Somewhere below are a line with "men's haircuts to" and a later line with "How to make". Output exactly those lines and all lines between them.

++++ SUPPLIED DATA

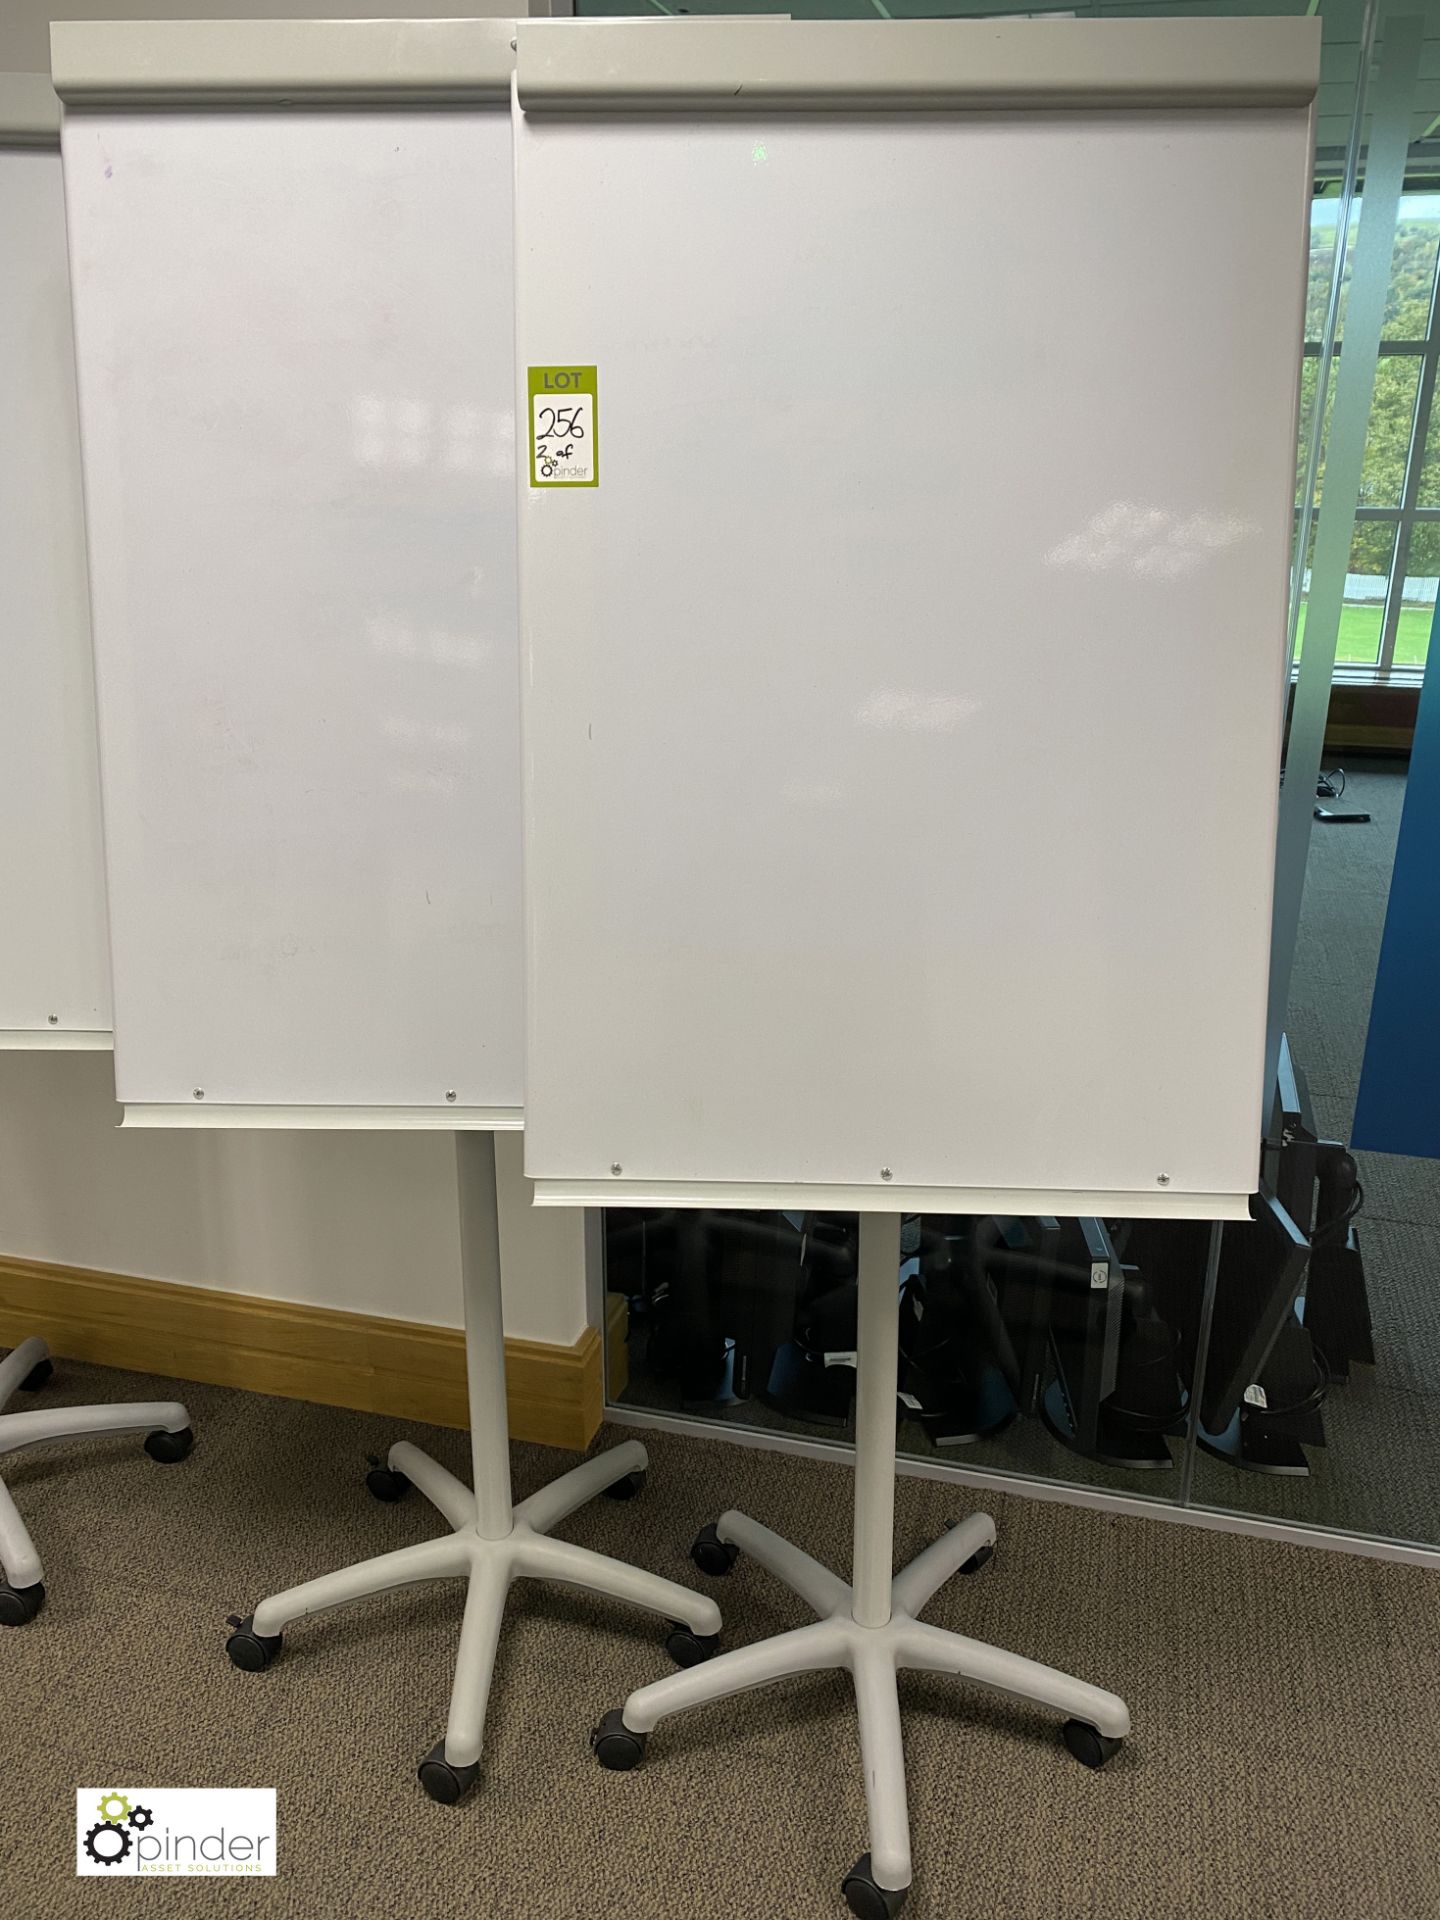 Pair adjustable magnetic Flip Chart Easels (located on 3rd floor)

++++++++
++++ SUPPLIED DATA

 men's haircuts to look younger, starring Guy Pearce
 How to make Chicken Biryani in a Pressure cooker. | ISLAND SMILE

++++++++

▸ WRITTEN ANSWER:
 men's haircuts to look younger, starring Guy Pearce
 How to make Chicken Biryani in a Pressure cooker. | ISLAND SMILE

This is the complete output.